● **TASK DESCRIPTION**:
In the entries below, find the line with "Абрамова Лариса Евгеньевна - Сертификат_04" and print exactly every line from there up to and including the line with "Large Bolga Dog", with no other lines.

● **RECORDED DATA**:
============

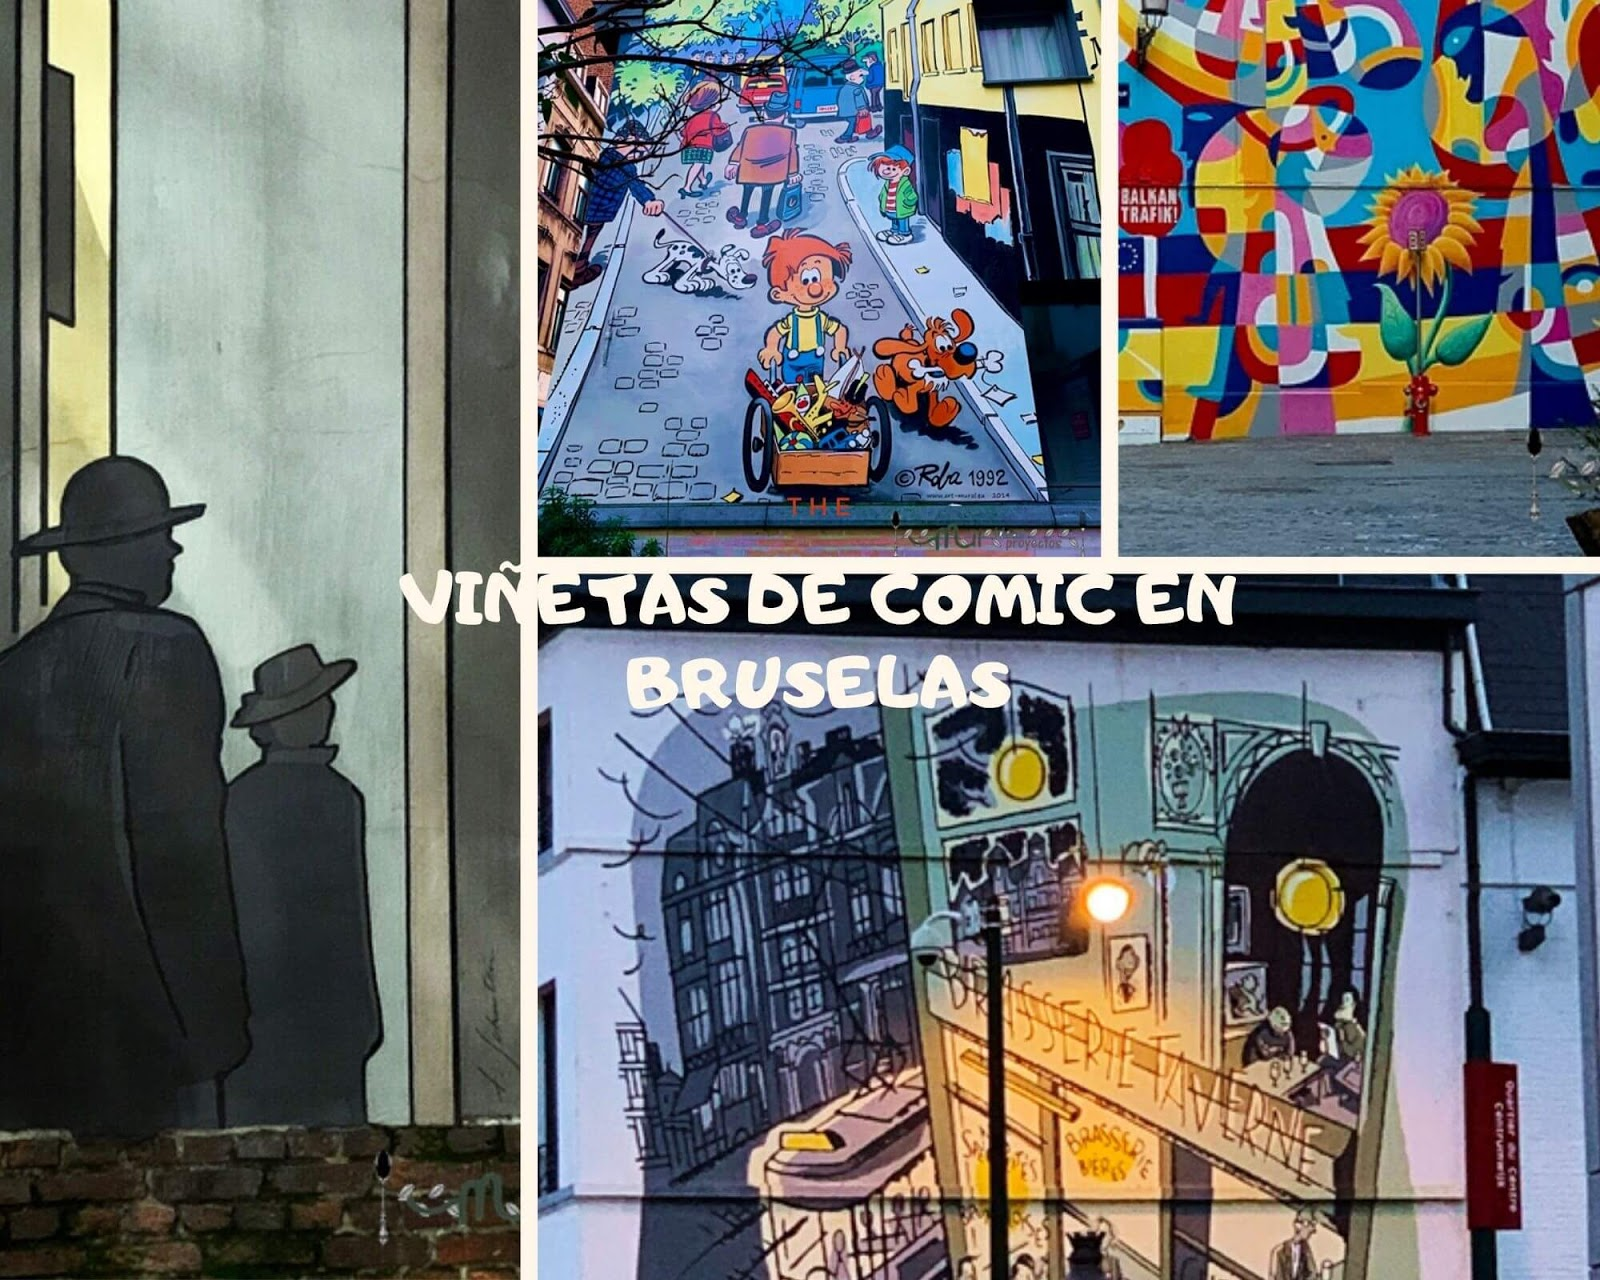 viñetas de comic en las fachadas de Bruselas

============

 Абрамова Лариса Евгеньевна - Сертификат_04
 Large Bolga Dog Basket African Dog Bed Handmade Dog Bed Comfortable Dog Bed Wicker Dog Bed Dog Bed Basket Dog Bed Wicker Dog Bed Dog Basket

============

● **OUTPUT OF THE TASK**:
 Абрамова Лариса Евгеньевна - Сертификат_04
 Large Bolga Dog Basket African Dog Bed Handmade Dog Bed Comfortable Dog Bed Wicker Dog Bed Dog Bed Basket Dog Bed Wicker Dog Bed Dog Basket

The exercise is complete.